*YOUR GOAL:* From the first line to the last, repeat the data exactly and drop the pictures.

*INFORMATION SHOWN:*
********************

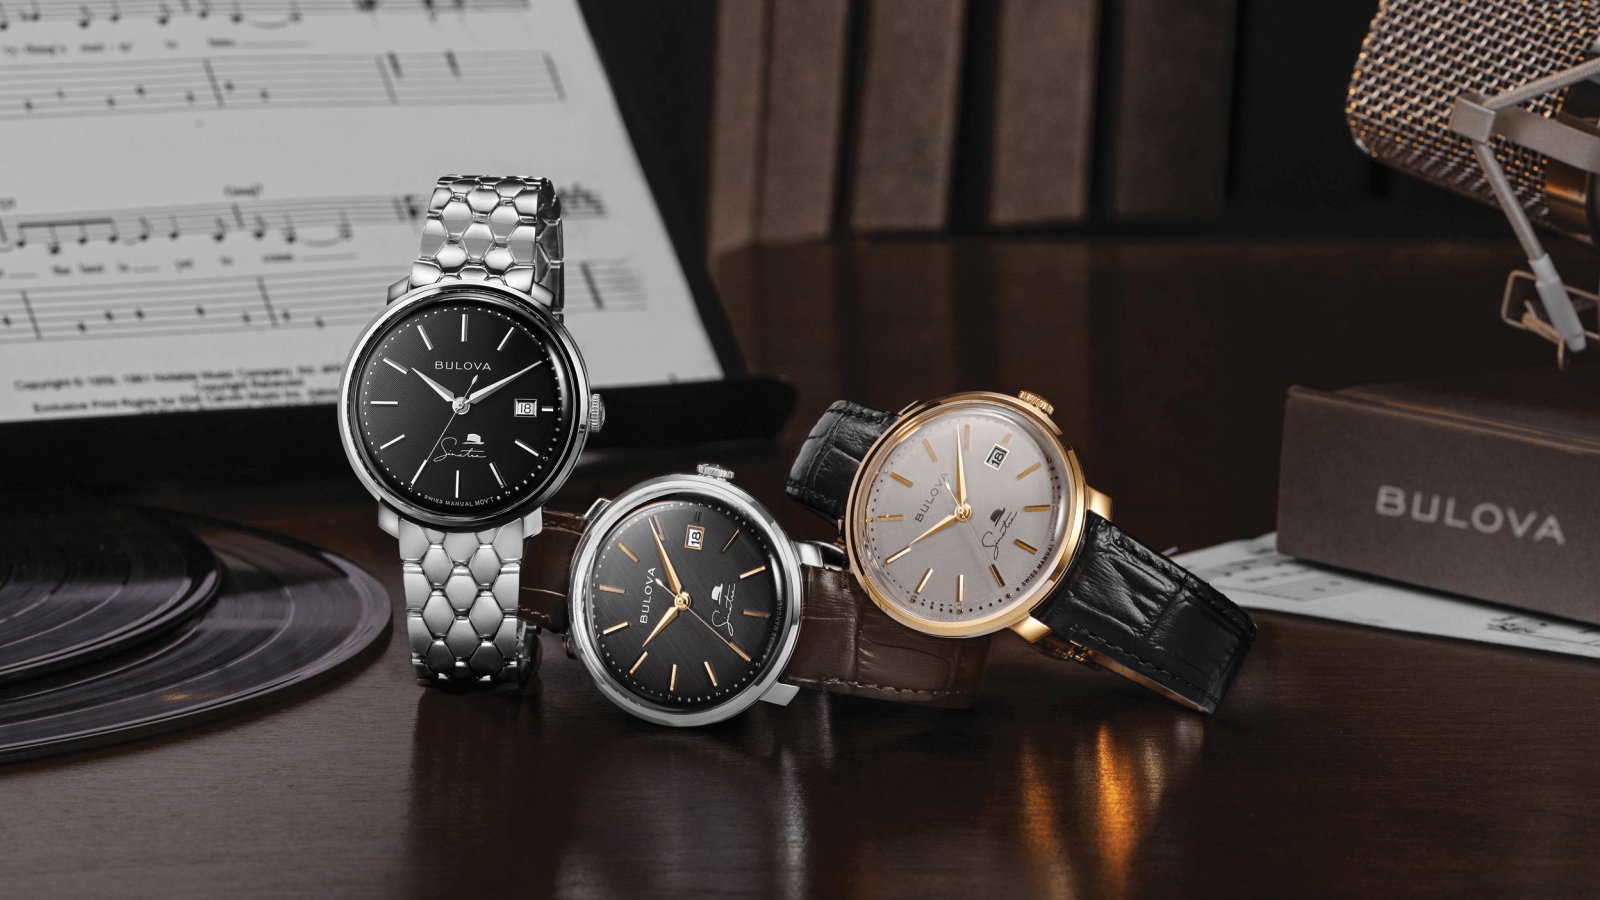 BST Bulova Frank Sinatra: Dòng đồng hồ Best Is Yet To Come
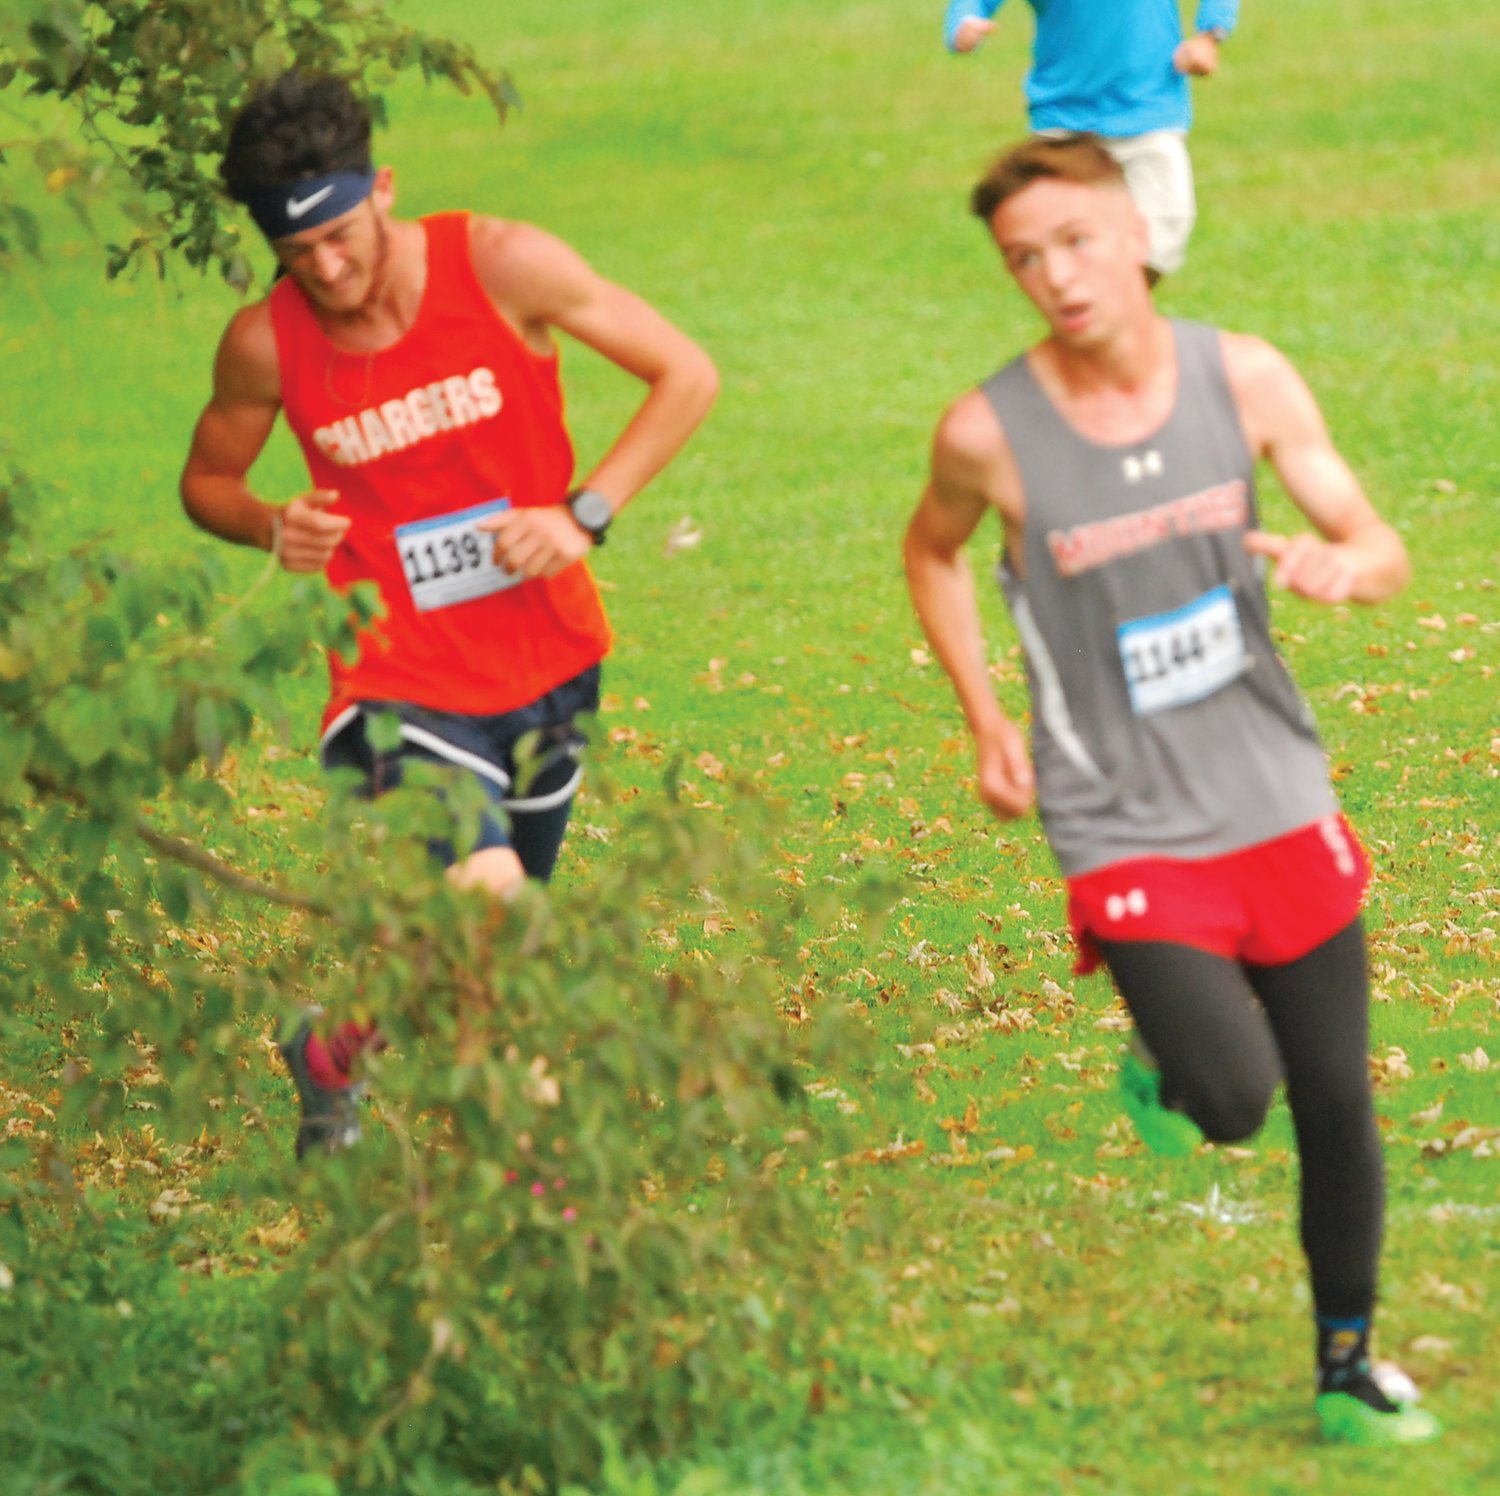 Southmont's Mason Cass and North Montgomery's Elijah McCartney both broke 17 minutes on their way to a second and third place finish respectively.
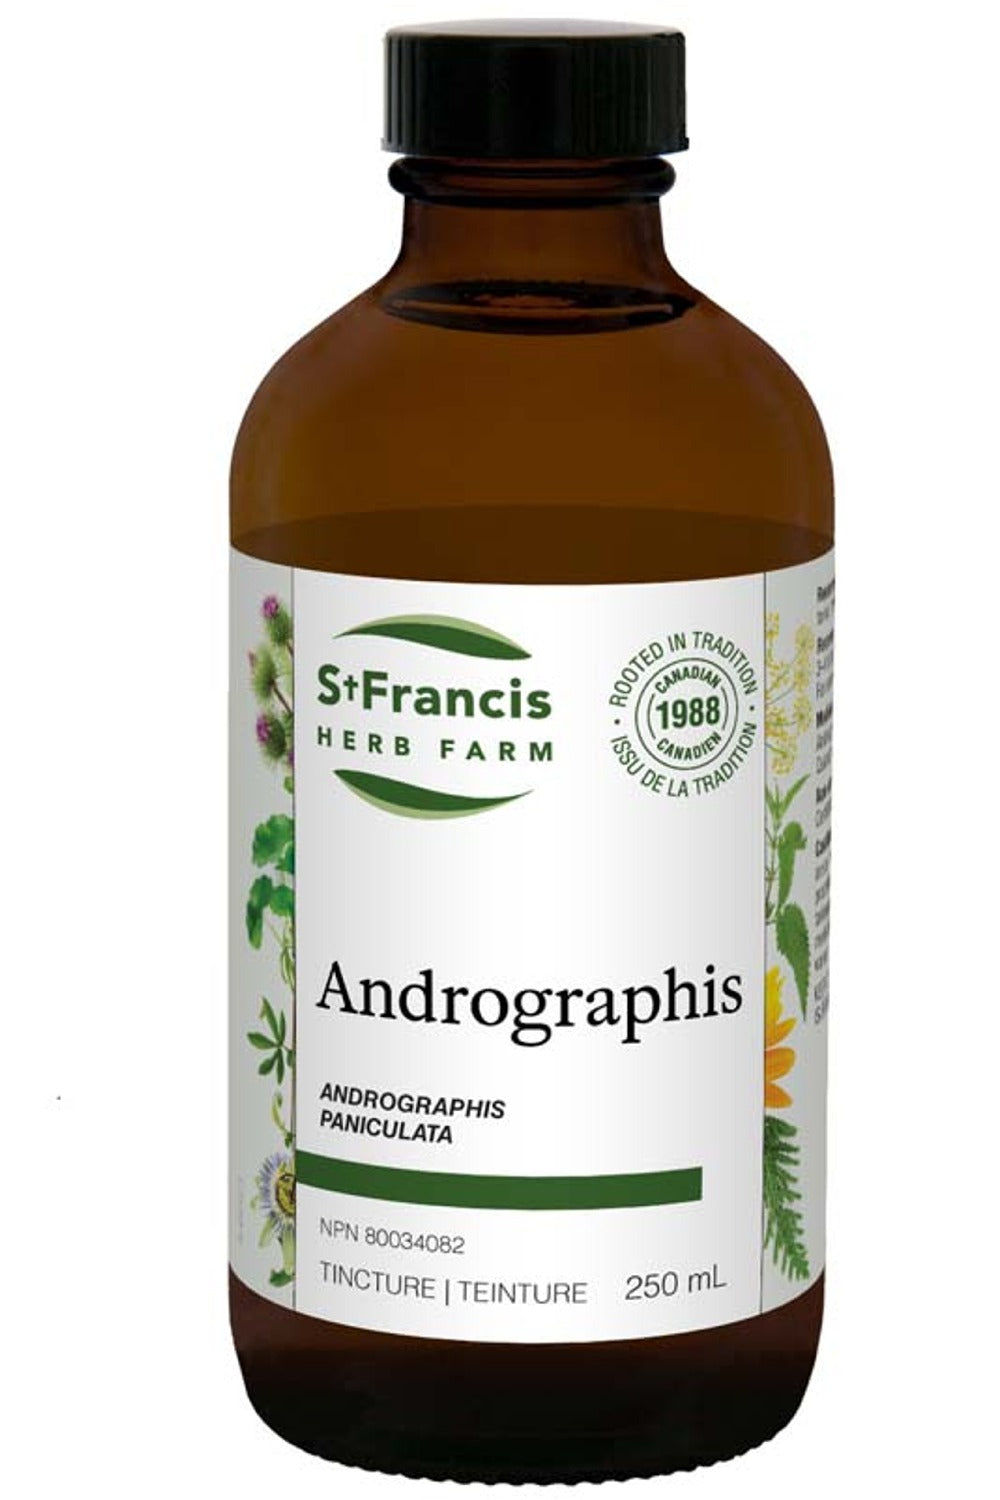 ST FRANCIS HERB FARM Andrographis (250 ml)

********************

*YOUR RESPONSE:*
 BST Bulova Frank Sinatra: Dòng đồng hồ Best Is Yet To Come
 Southmont's Mason Cass and North Montgomery's Elijah McCartney both broke 17 minutes on their way to a second and third place finish respectively.
 ST FRANCIS HERB FARM Andrographis (250 ml)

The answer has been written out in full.